• Exercise brief
Within the material below, transcribe exactly the lines from the one holding "Louis Vuitton Lockme" through the one holding "Diversity and Transcription", keeping both ends and skipping the rest.

• Data

+ + + +

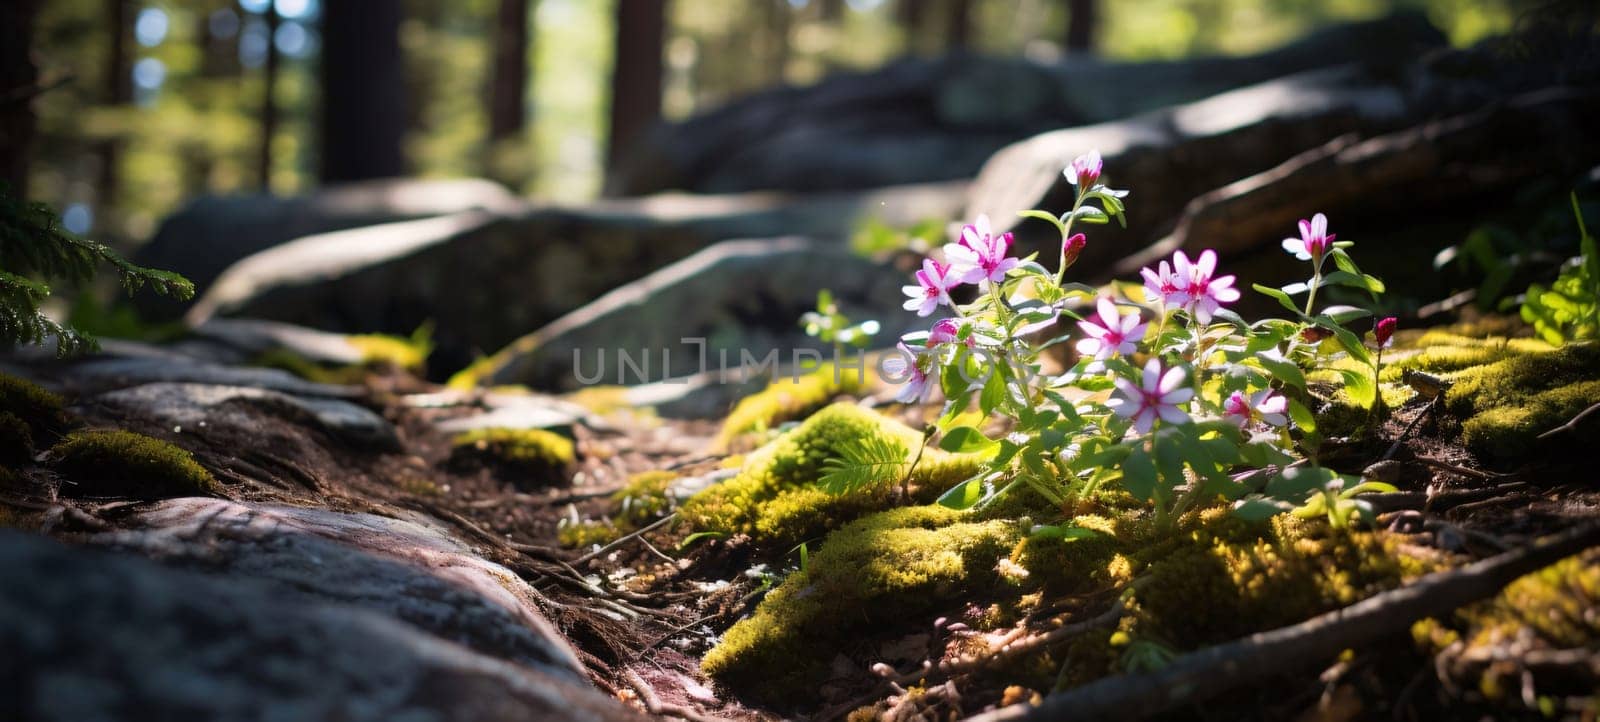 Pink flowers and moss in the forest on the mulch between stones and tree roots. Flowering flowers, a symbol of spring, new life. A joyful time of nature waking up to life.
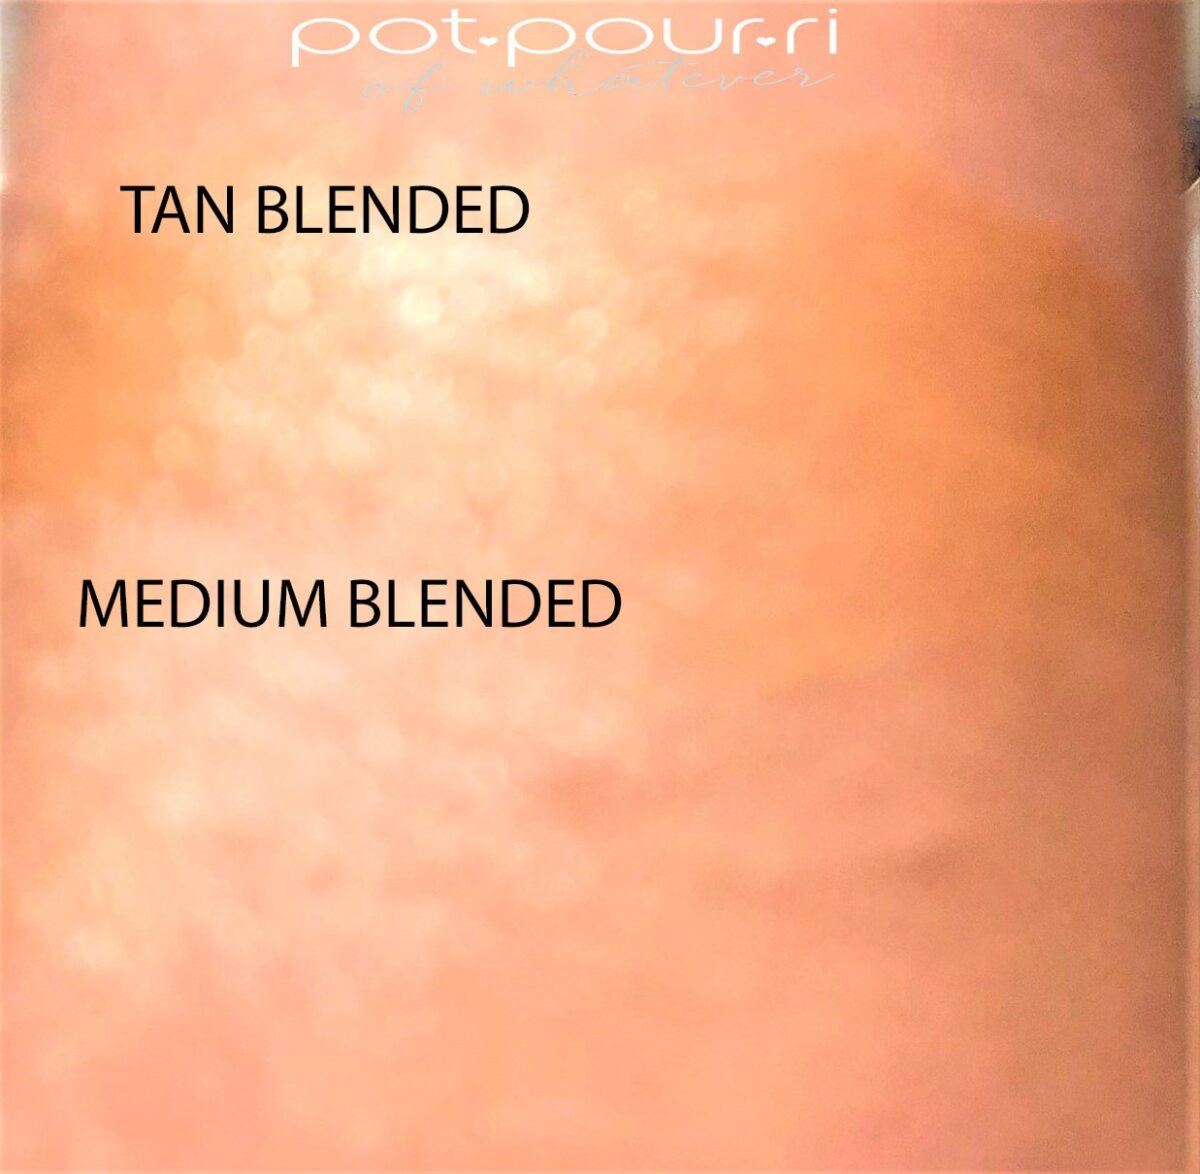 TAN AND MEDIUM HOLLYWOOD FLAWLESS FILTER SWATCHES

+ + + +

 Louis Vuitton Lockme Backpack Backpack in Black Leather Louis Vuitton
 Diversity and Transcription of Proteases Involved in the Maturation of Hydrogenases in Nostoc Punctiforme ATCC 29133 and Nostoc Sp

+ + + +

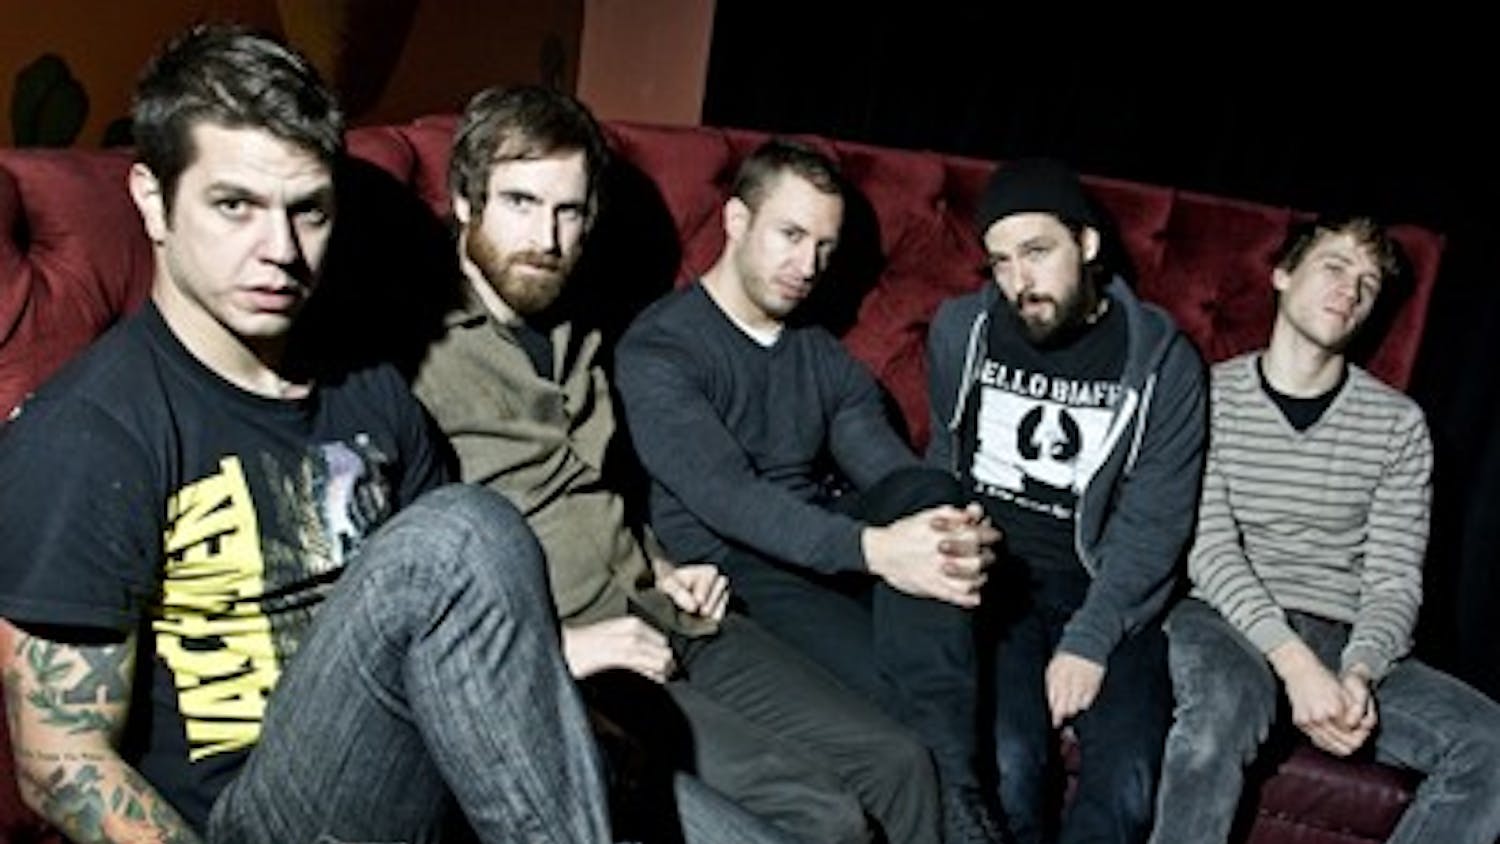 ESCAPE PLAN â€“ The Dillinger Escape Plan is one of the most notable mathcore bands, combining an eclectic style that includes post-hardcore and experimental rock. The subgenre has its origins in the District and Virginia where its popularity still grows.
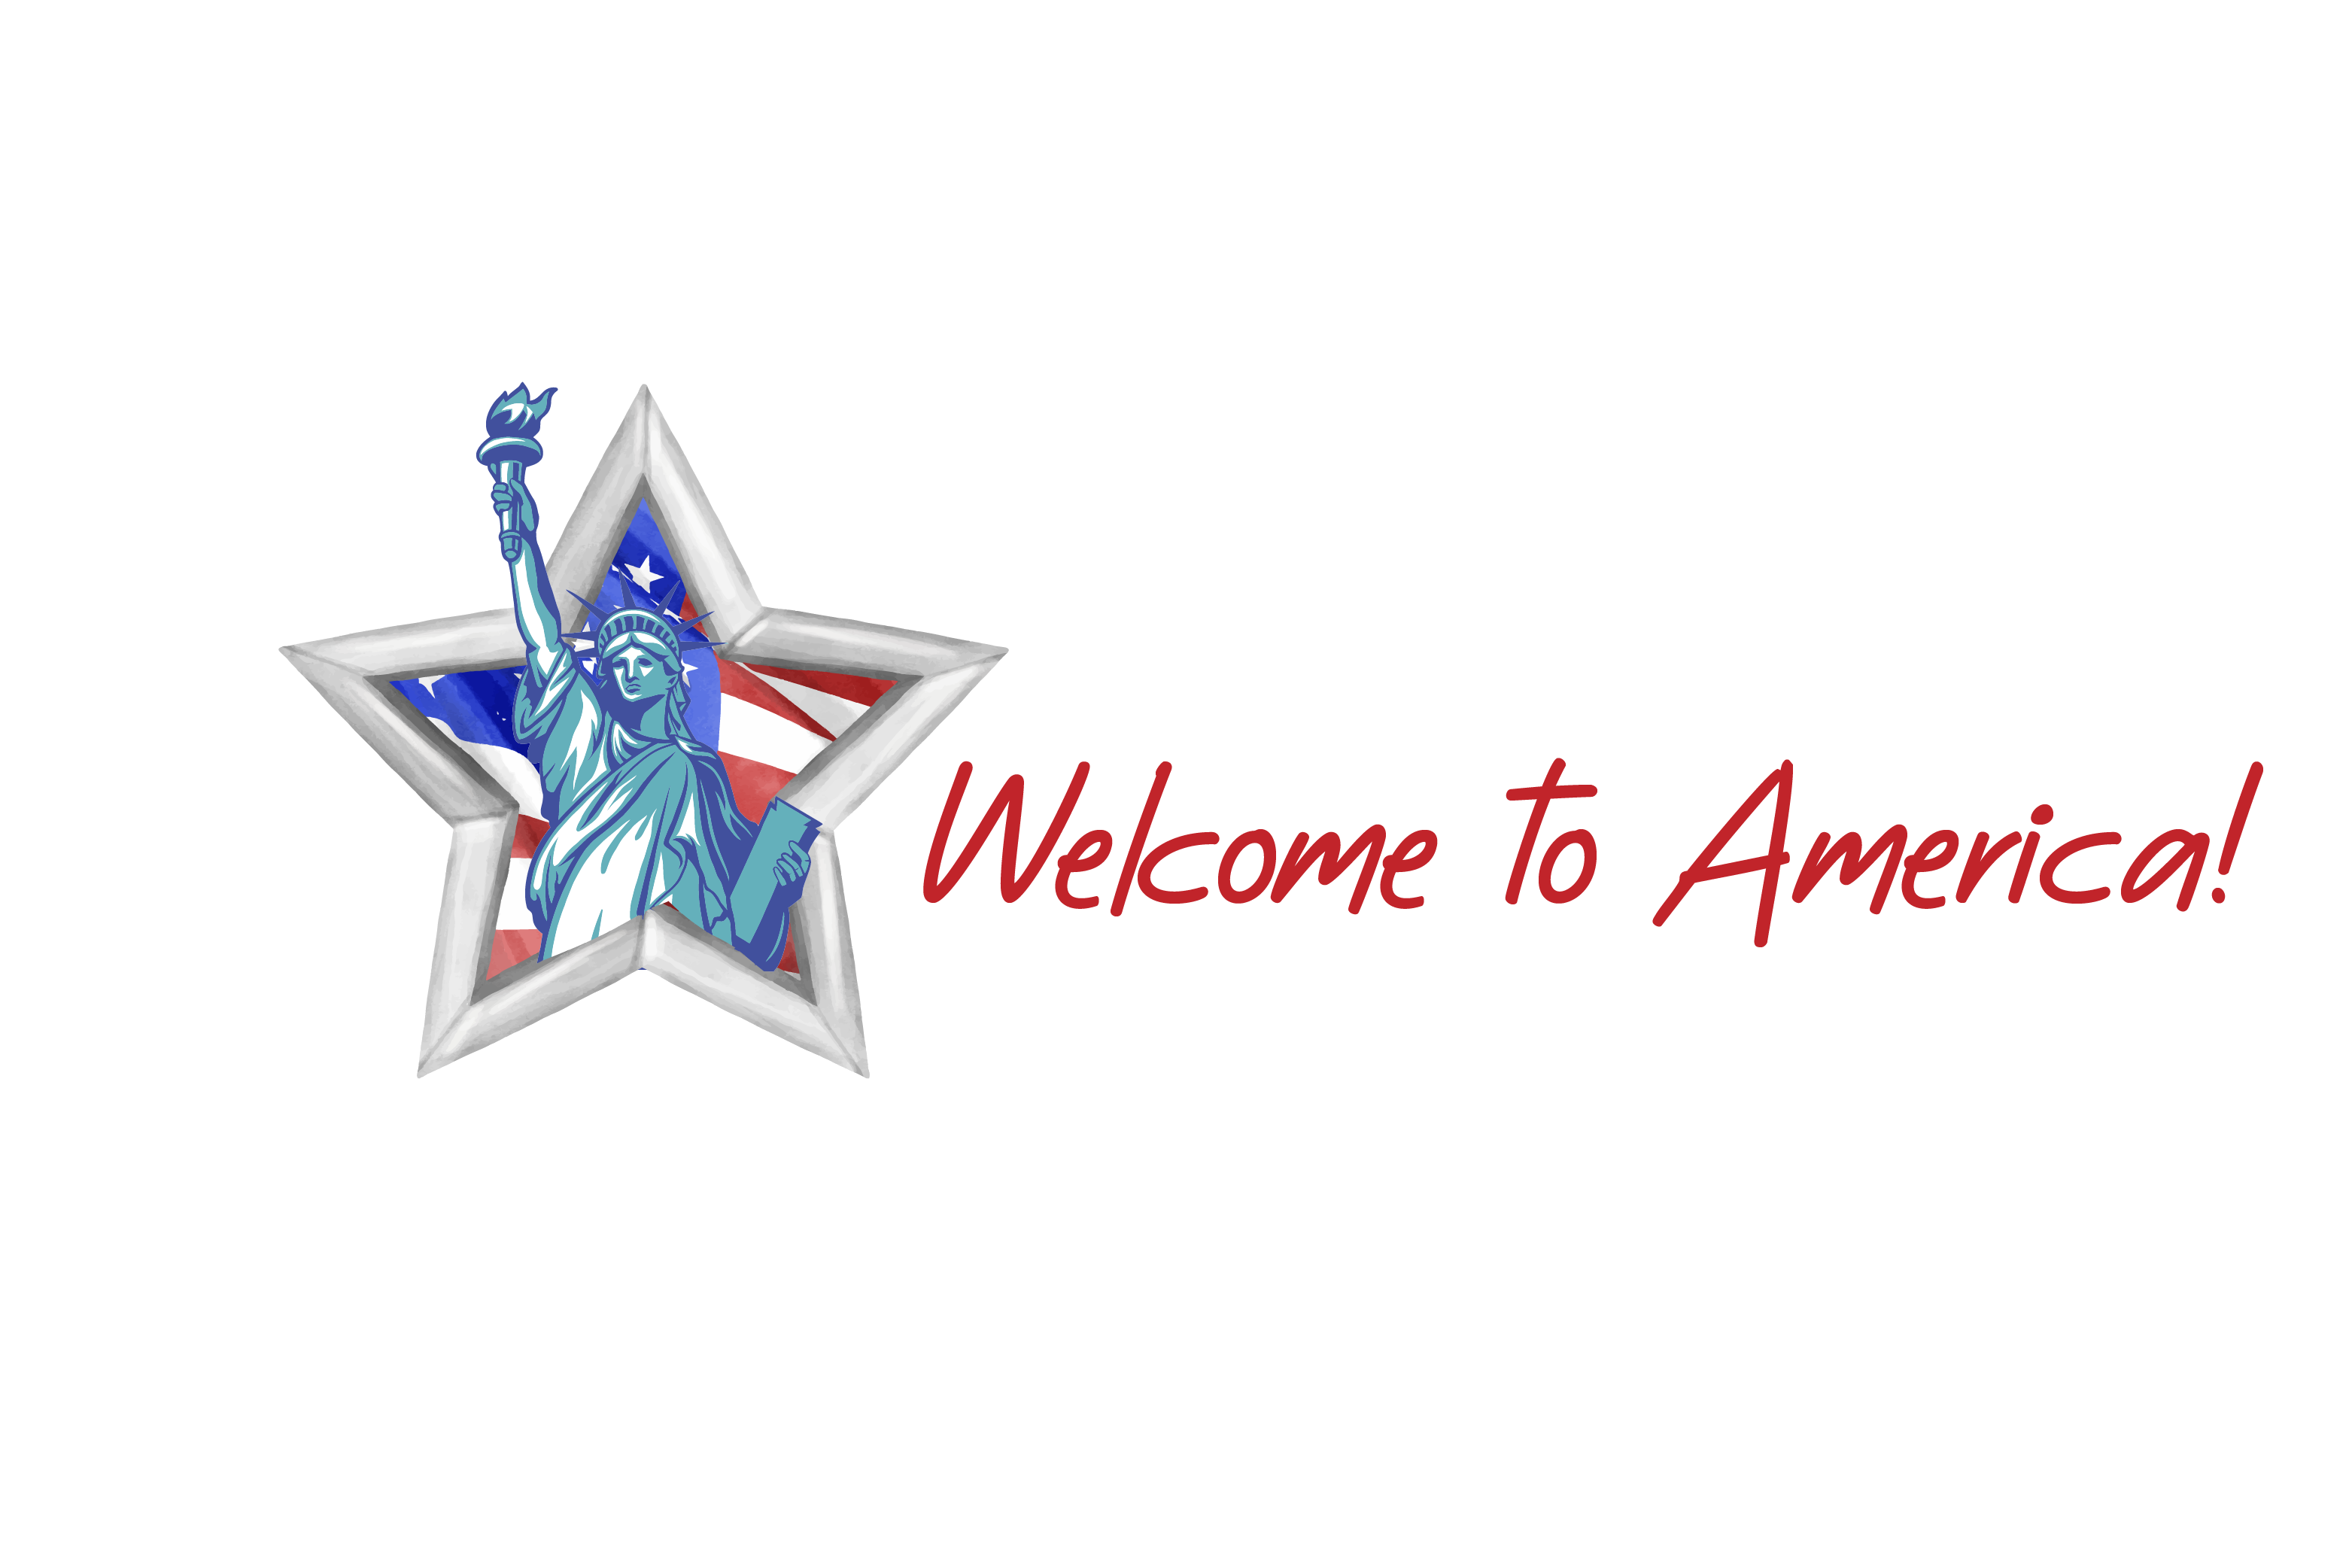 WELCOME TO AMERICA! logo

+ + + +

• Solution to the exercise
 Louis Vuitton Lockme Backpack Backpack in Black Leather Louis Vuitton
 Diversity and Transcription of Proteases Involved in the Maturation of Hydrogenases in Nostoc Punctiforme ATCC 29133 and Nostoc Sp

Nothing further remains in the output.